Goal of the exercise = Your job is to retype all of the data word for word, leaving every image out.

Dataset extract =
- - -

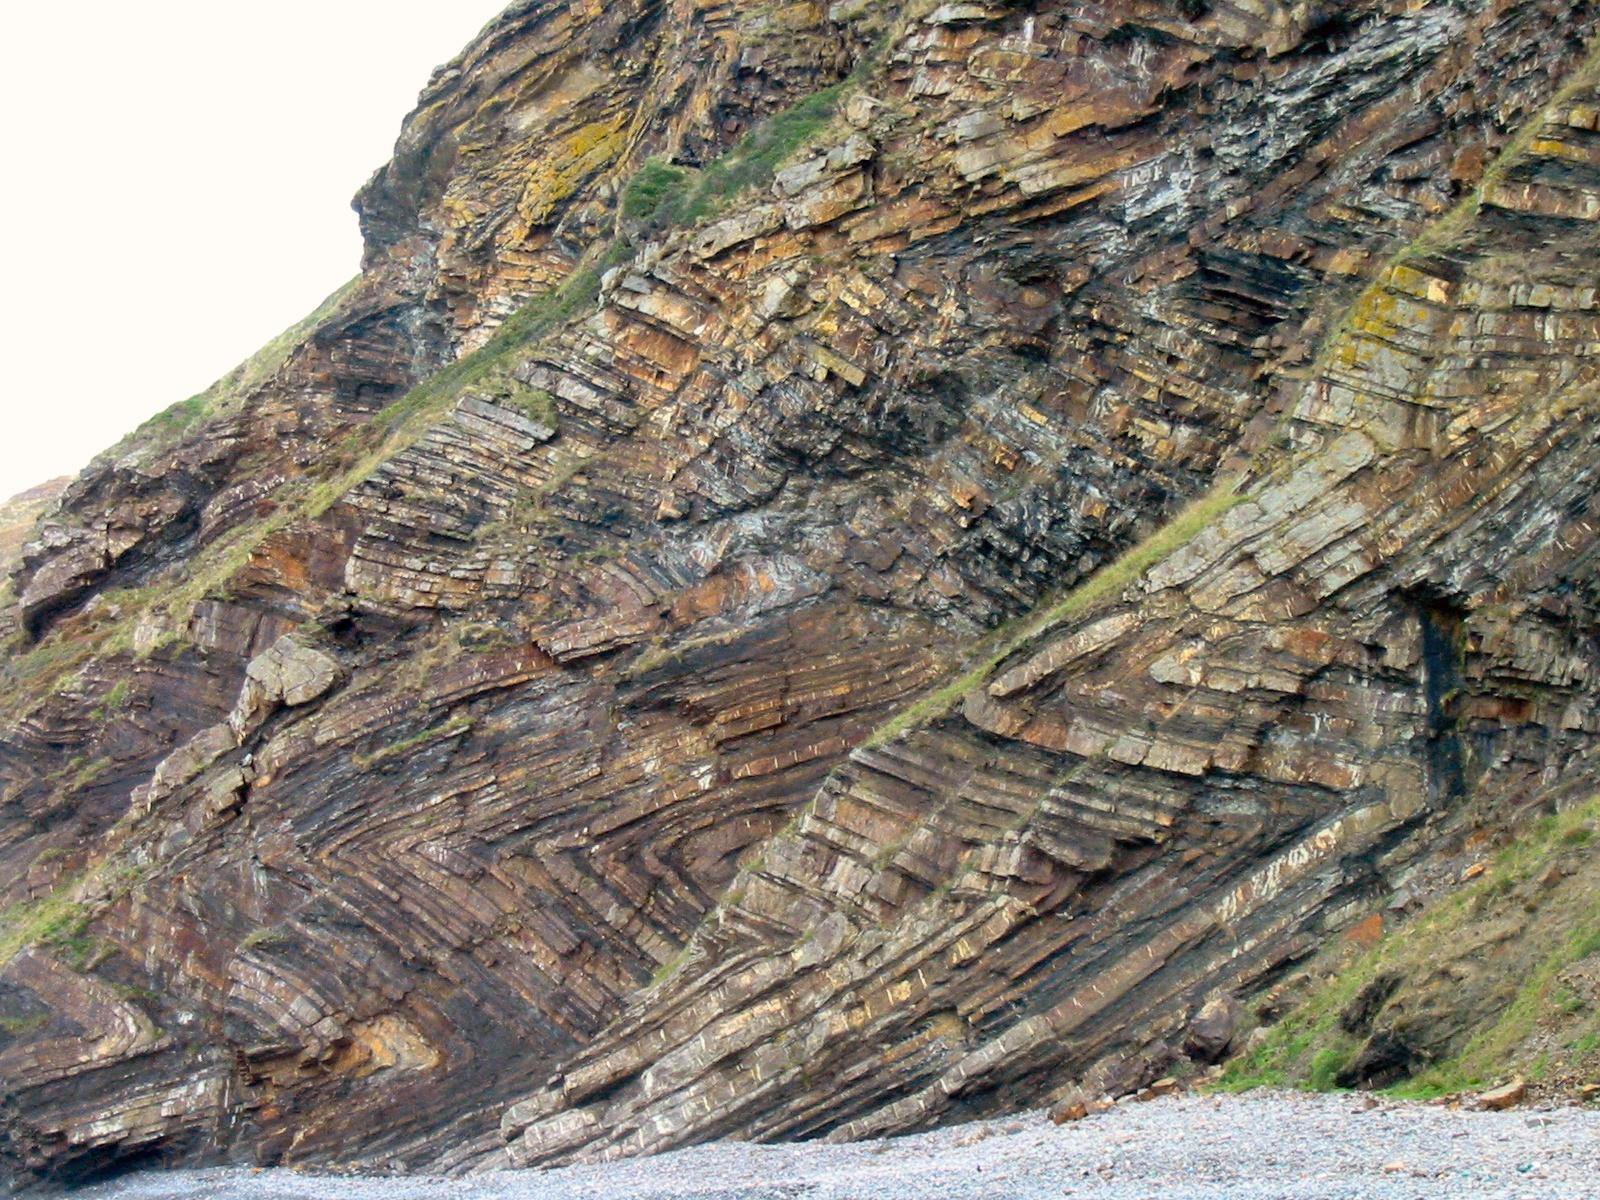 Chevron (geology)
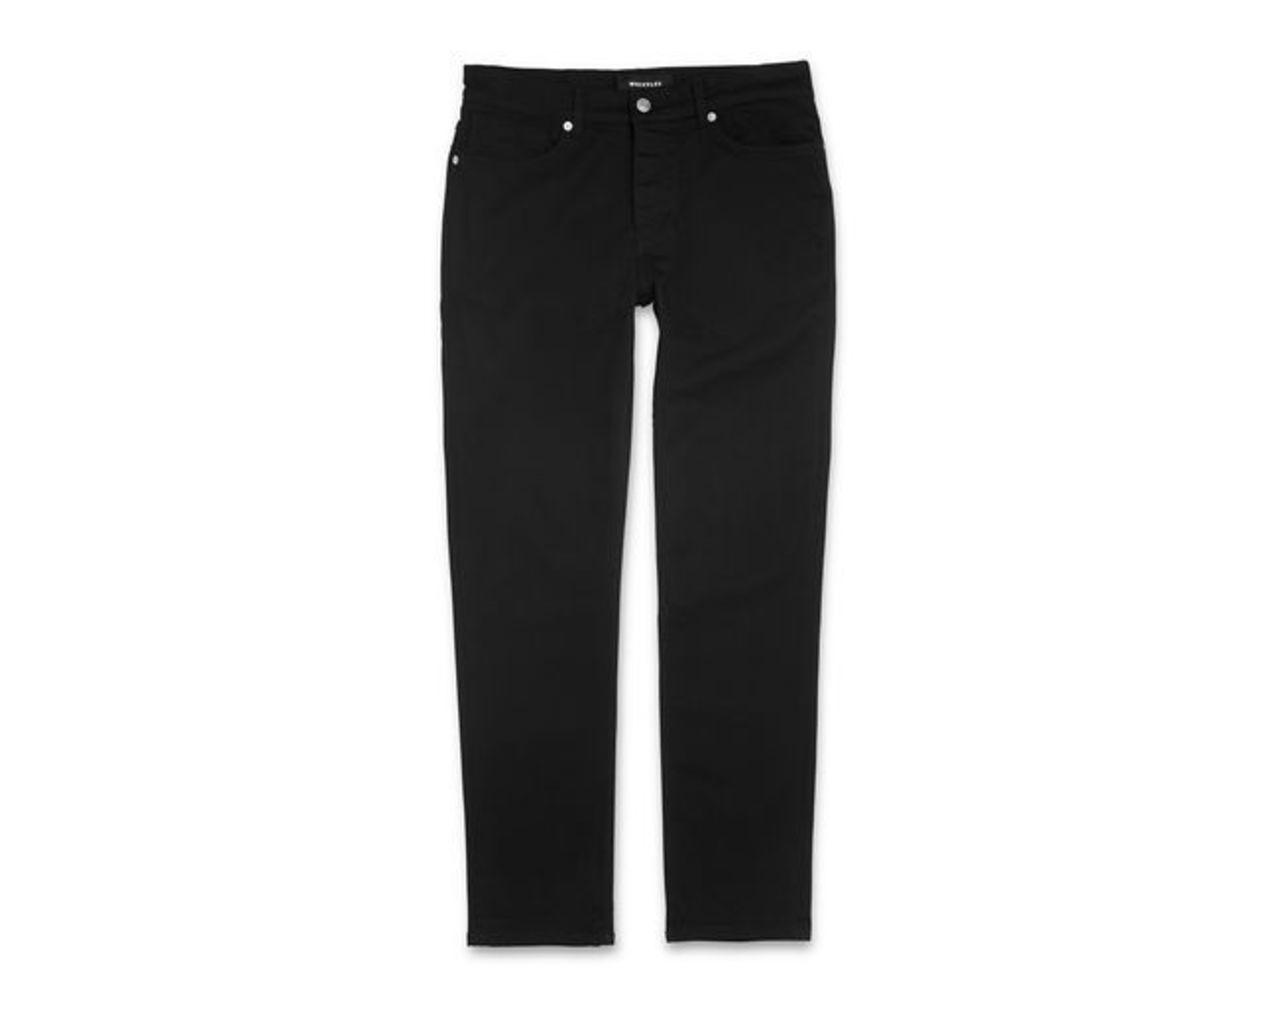 True Black Slim-Fit Jeans
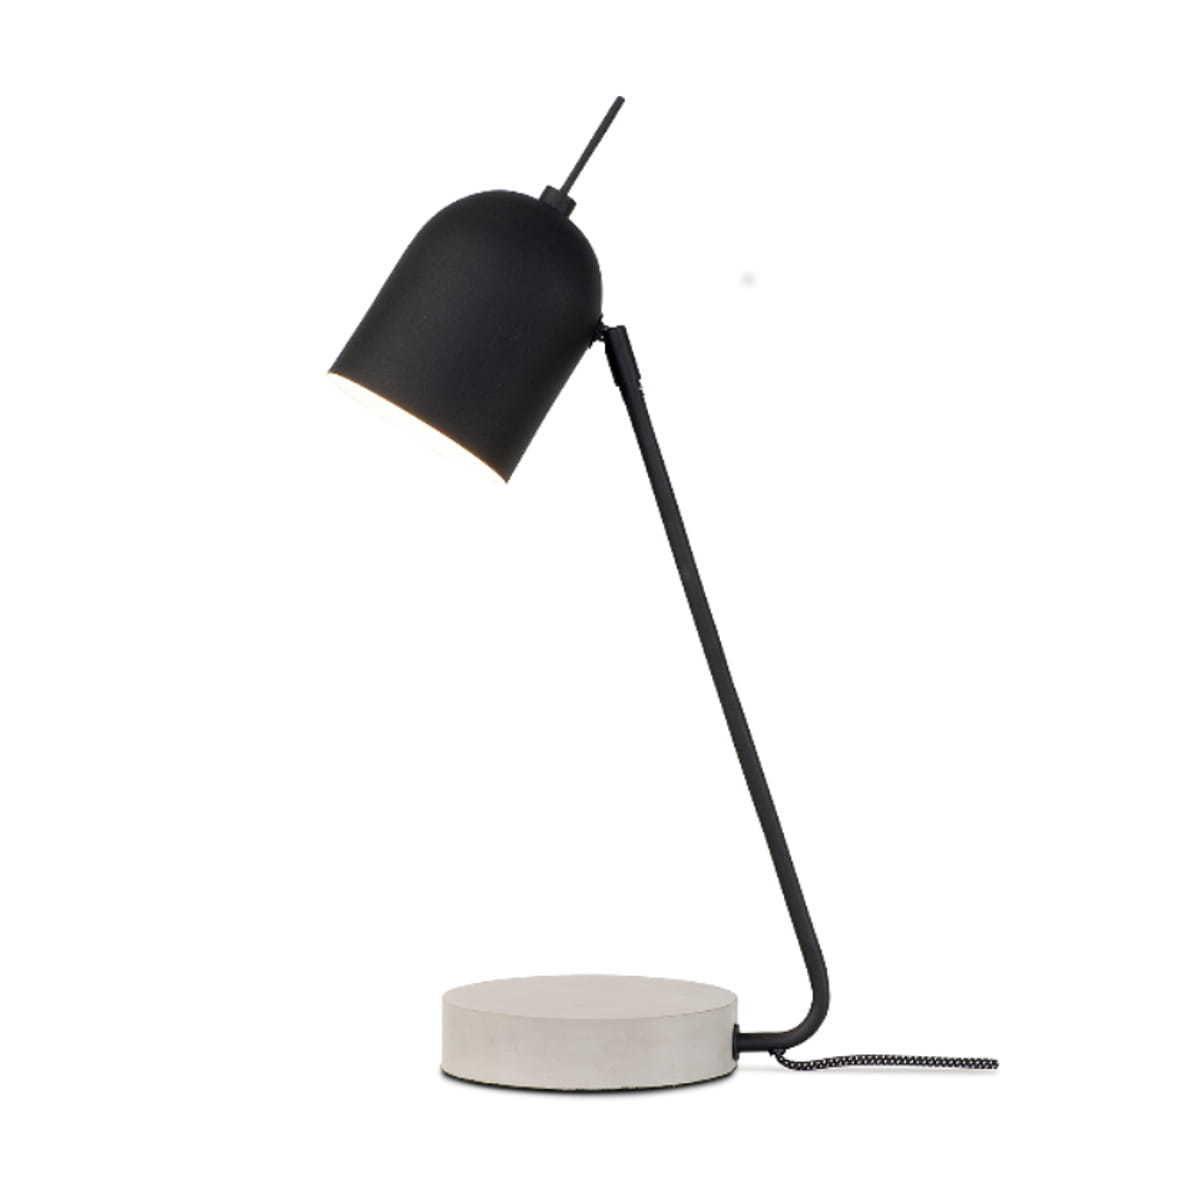 Tafellamp madrid zwart about Romi
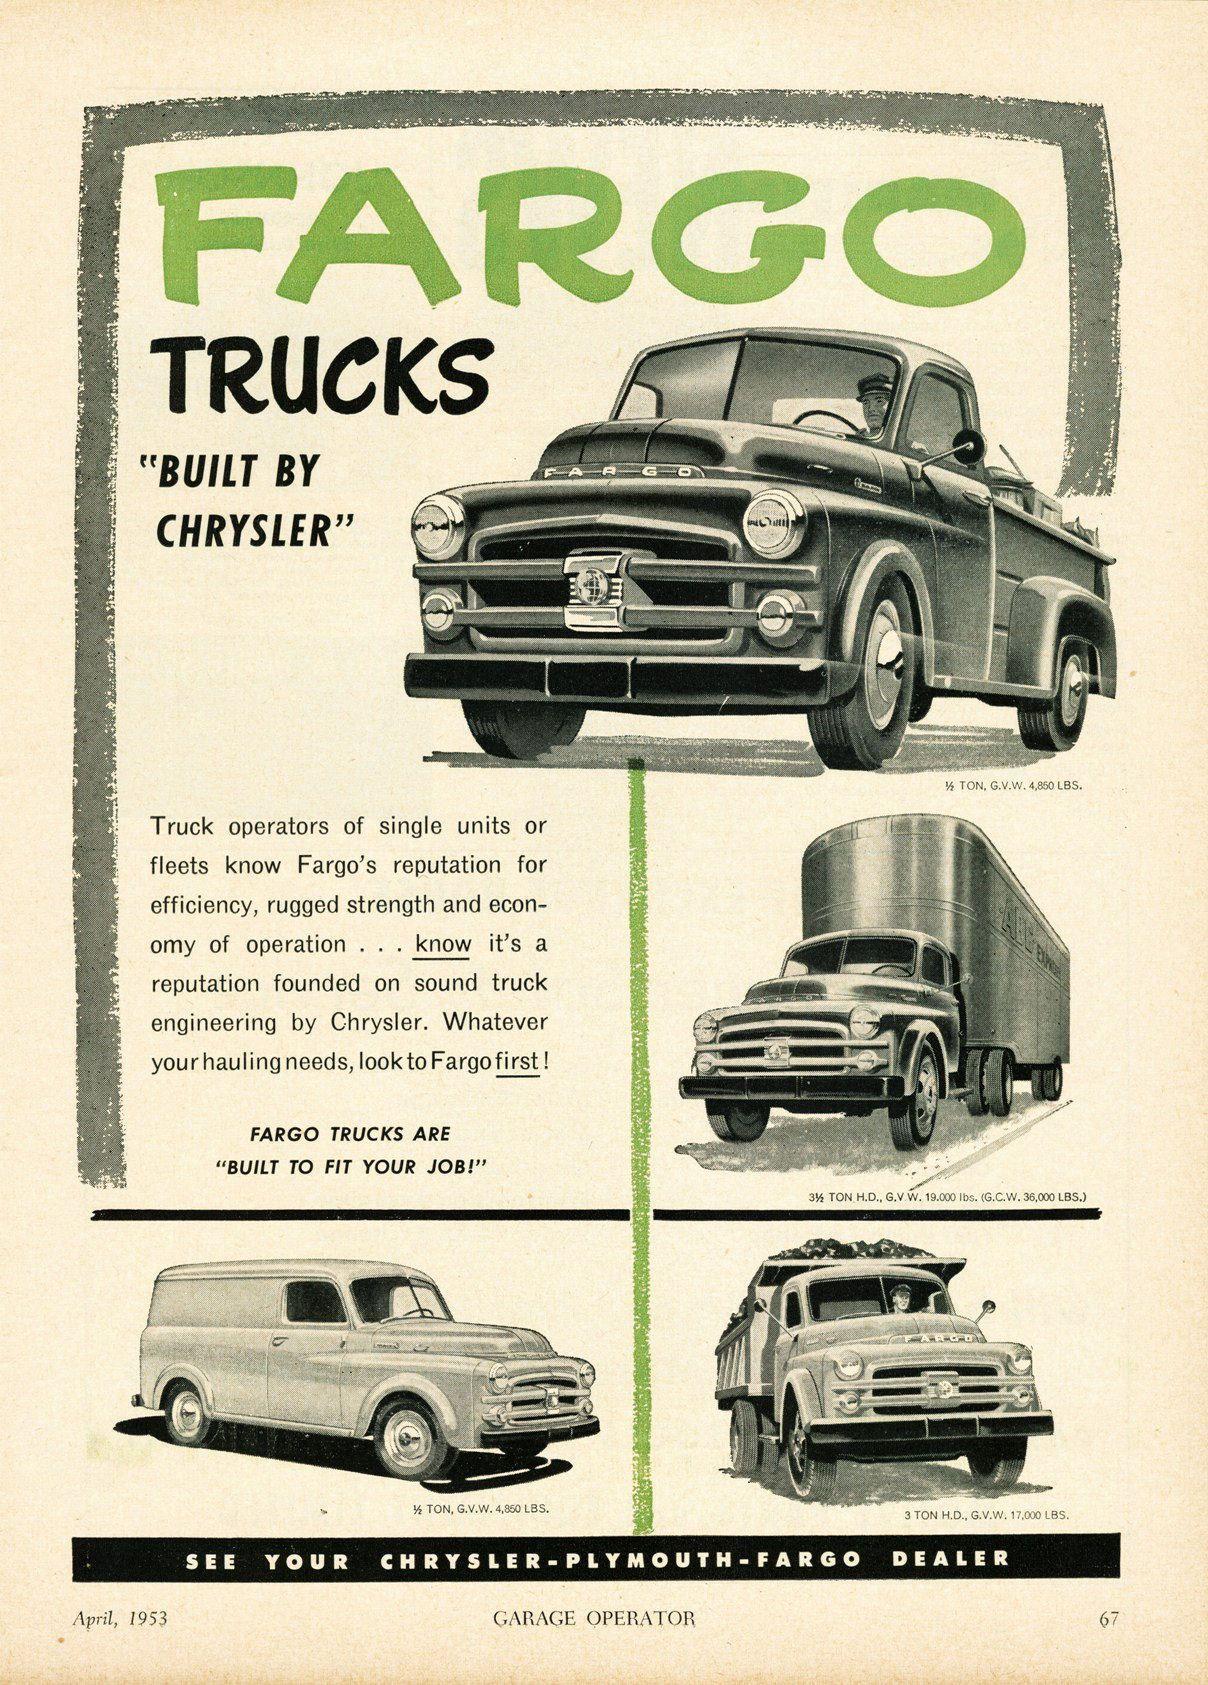 1953 Fargo Truck Ad-01 | Ideas 4 \'52 Dodge Pilot House | Pinterest ...

- - -

Task response =
 Chevron (geology)
 True Black Slim-Fit Jeans
 Tafellamp madrid zwart about Romi
 1953 Fargo Truck Ad-01 | Ideas 4 \'52 Dodge Pilot House | Pinterest ...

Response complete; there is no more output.